Pogodzicie się! 😁 A ważne jest to, żeby iść w ta samą stronę, a już kto i co robi w związku to mało ważne. To Wy macie czuć się dobrze i w zgodzie ze sobą 😘
A no pewnie ze sie pogodzimy - przeciez on mnie kocha ❤ 👍 😂 Ja jego tez - no i mamy 3 psy wiec nie wiem jakbysmy sie nimi podzielili :o😂😂
 
To są wasze zarodki a nie twoje czy tylko jego. Tu już zaczyna się wspólne rodzicielstwo :-) on chce PGD Ty nie potem on chce takie przedszkole a Ty takie:-) A co psychologii to masz racje jazdy daje sobie radę inaczej i to chciałam powiedziec. Każdy się martwi czujemy strach ( bardziej niż lek) bo uzasadniony. A radzimy sobie różnie bo jesteśmy różni:-) I bardzo lubię tekst Scarlet” pomyśle o tym jutro”. Natomiast nie zawsze kest to skuteczne. Jeżeli kogoś uraziłam to przepraszam. Wiem, ze koleżanka chciała pomóc :-) Ale chyba różnicie się temperamentami :-)))
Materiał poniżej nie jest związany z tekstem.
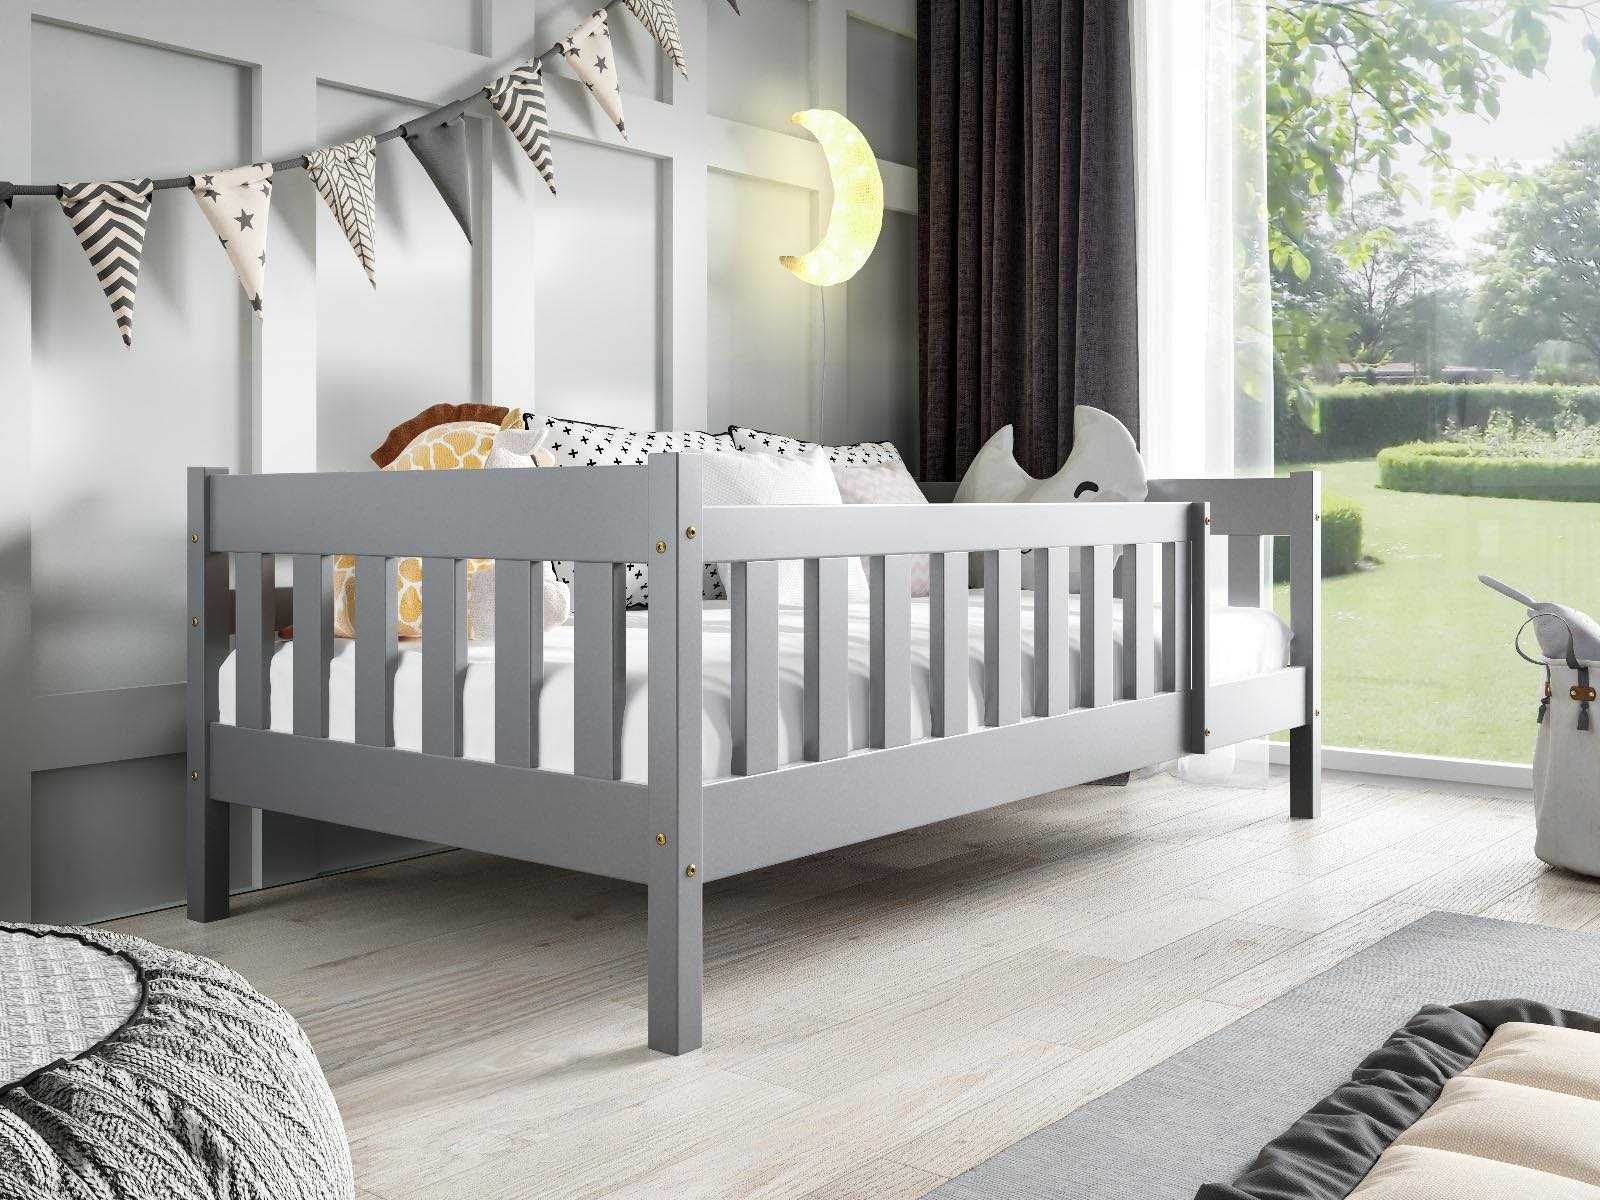 Drewniane parterowe łóżko dla dziecka POLA + materac w komplecie
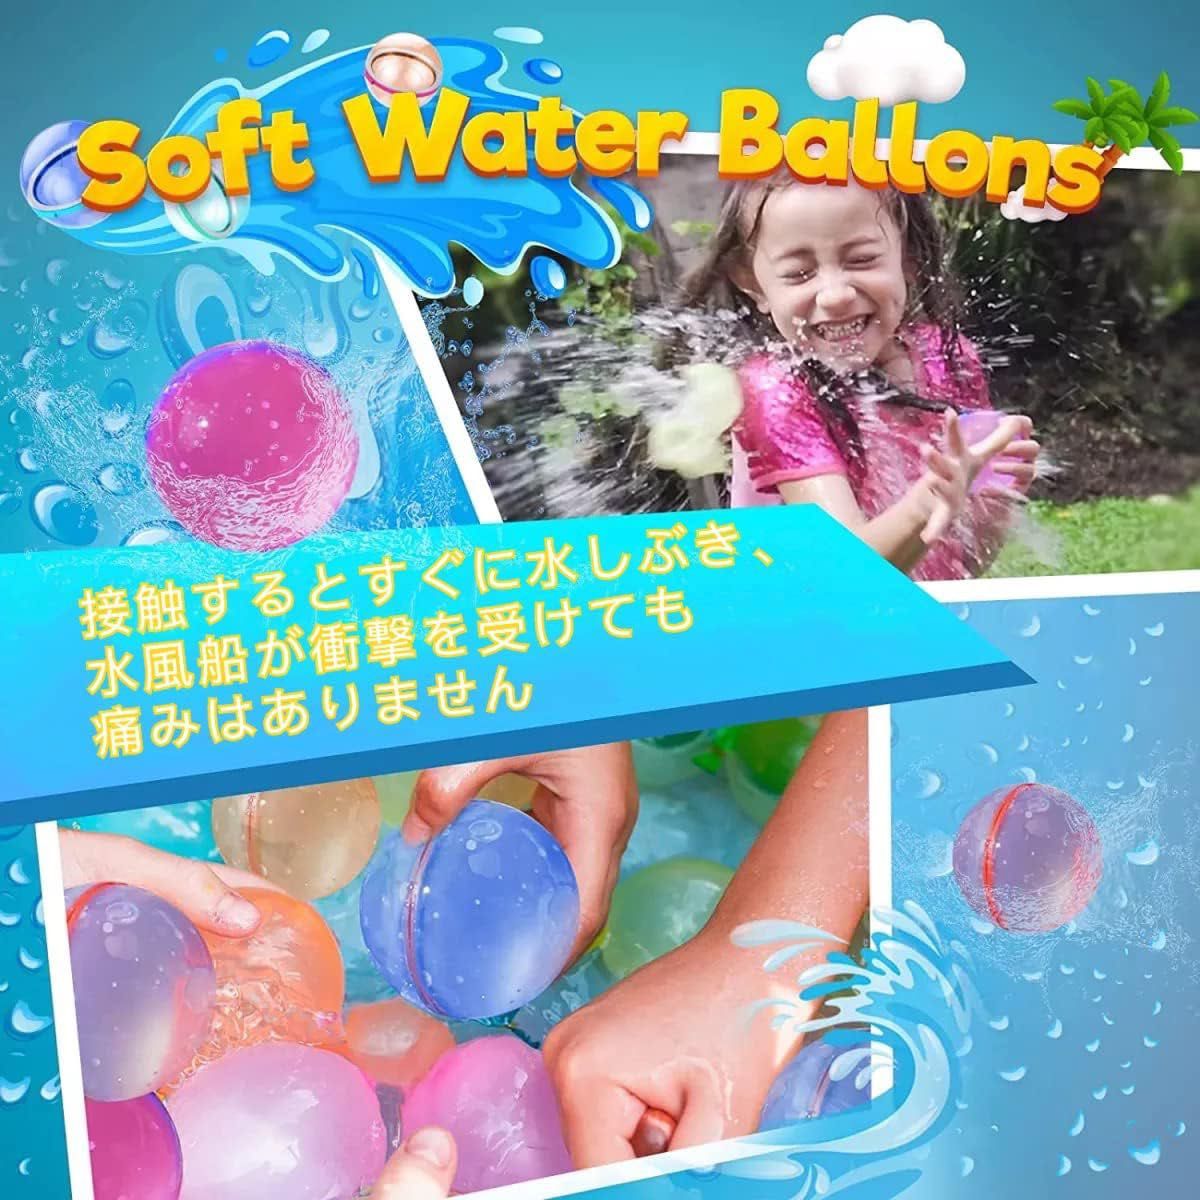 水風船 スプラッシュボール 再利用可能 自動式磁気リング開閉 セルフシール ウォーターゲーム 夏祭り イベント用品 (6色)

A wiesz ze to bylo kiedys moje zyciowe motto i czesto je tu na forum powtarzalam; Pomysle oo tym jutro ;) Jednak jak sie okazuje podswiadomie lepiej sie czuje miec jakis plan awaryjny... Nie chce uslyszec kiedys ze to juz koniec ;( Ty tez napewno teraz przezywasz kolejny transfer co?
 
reklama
Dziewczyny wiem że słabo się udzielam i tylko proszę o porady ale mam teraz zamknięcie kwartału. Nie dość że to ostatni pracujący dzień w miesiącu to jeszcze kwartał mi się kończy. Tj jeśli przyszedł kolejny wynik na różyczke IGG i jak byłam mała to ja przechodziłem tzn że IGG zawsze już wyjdzie ujemne? Tj jak toxo mi też wyszła dodatnie tzn że j7z jej nie będę miała? A wiecie że ja nie miałam żadnych objawów?
Nie igg po zachorowaniu powinno być zawsze dodatnie. Ja po szczepieniu na różyczkę (nie chorowałam) mam dodatnie igg.
Reaktywacja zakażeń jest bardzo rzadka nie myśl o tym.